The site lies on the southeast edge of Stourport-on-Severn. It can be accessed via the Wilden Top car park on the B1495 Stourport to Hartlebury Road, the Lower Poollands car park off Titton Lane and three car parks on the A4025 Stourport to Worcester Road.

==Toponymy==
The name Hartlebury is derived from the Anglo-Saxon Heoertlabyrig meaning "Hill of the Deer".

==Geology==

Hartlebury Common lies on Quaternary wind-blown sand which covers two river terraces of the River Severn overlying Bunter and Keuper Sandstone. It is situated within the Abberley and Malvern Hills Geopark which was launched in 2004. Falling within the counties of Herefordshire, Gloucestershire, Shropshire and Worcestershire the Geopark covers 1250 sqmi.

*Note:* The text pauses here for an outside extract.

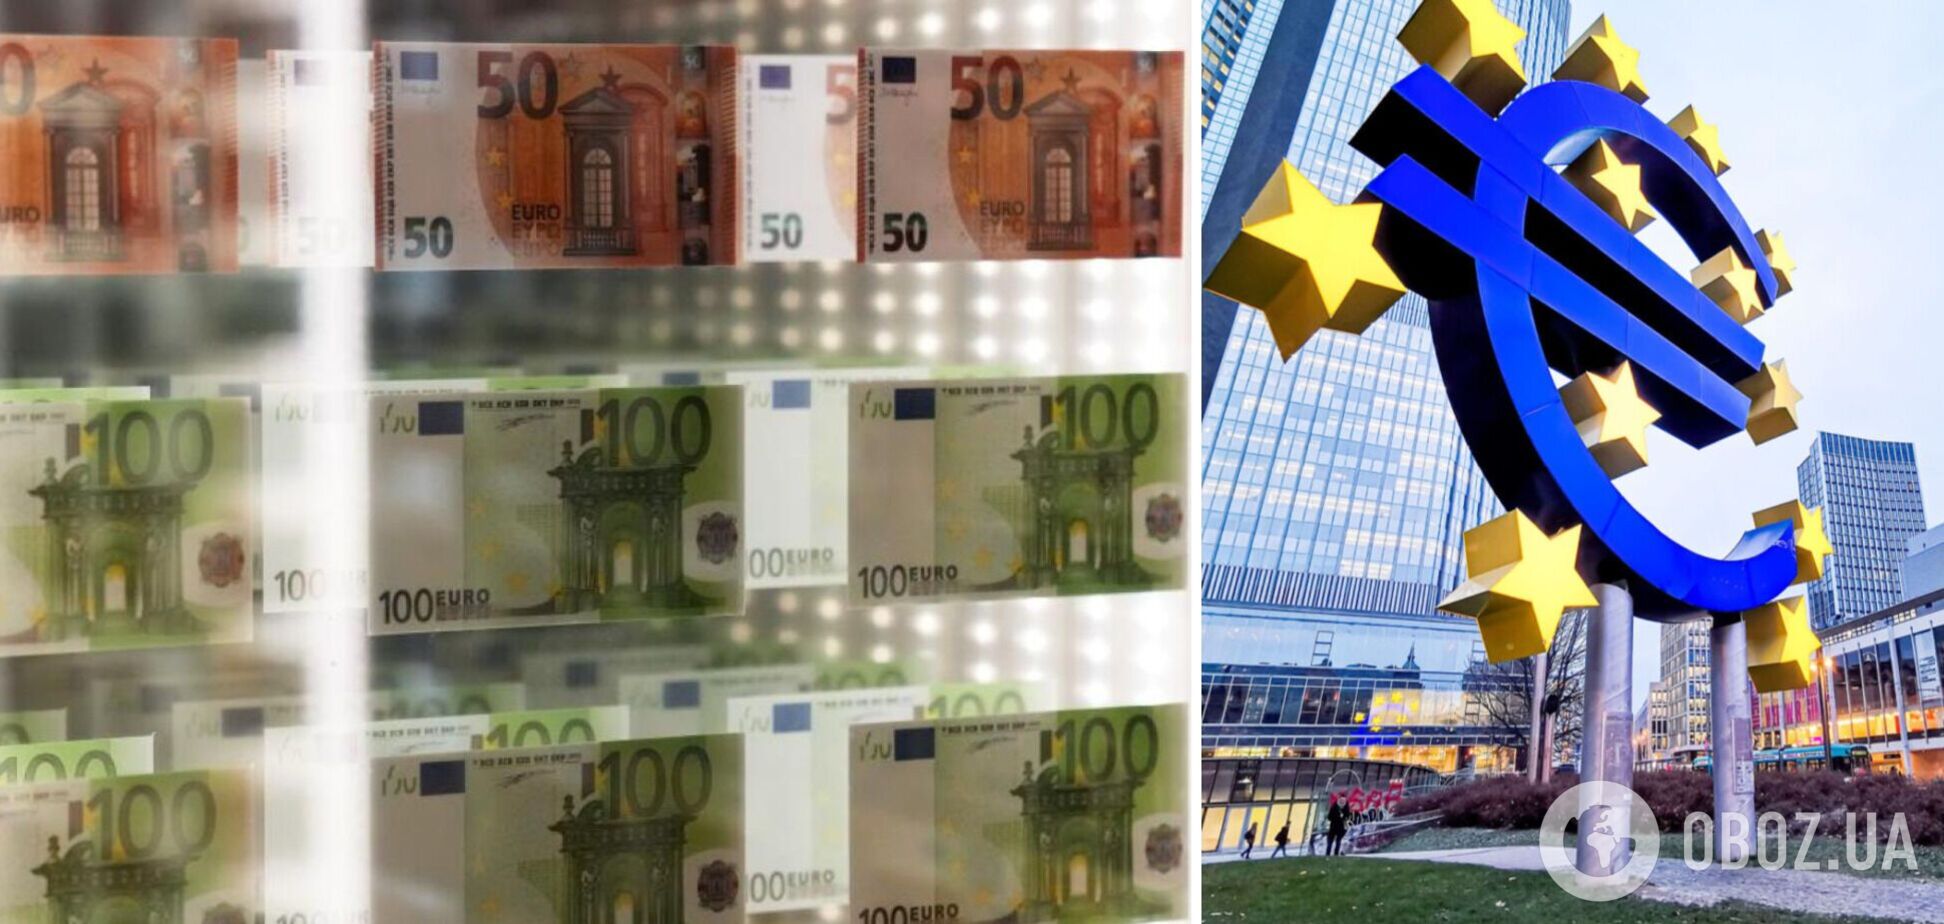 ЕЦБ затеял реформу дизайна евро

The geological and geomorphological significance of the area has been recognised for many years with 13 Sites of Special Scientific Interest (SSSI) and 179 Local Geological Sites (LGS) present. The Abberley and Malvern Hills Geopark is one of only seven geoparks in the UK.

==Archaeology==
Hartlebury Common supports a range of archaeological remains including stone revetted banks, historic trackways (or 'holloways'), post-medieval quarries and pools that contain paleoenvironmental deposits and the site of a 19th-century rifle range.
There is also evidence of a large circular embanked enclosure on the common which may have been a signalling post, hunting lodge, small ringwork castle or religious site. Mesolithic and Neolithic artefacts have also been found at the site.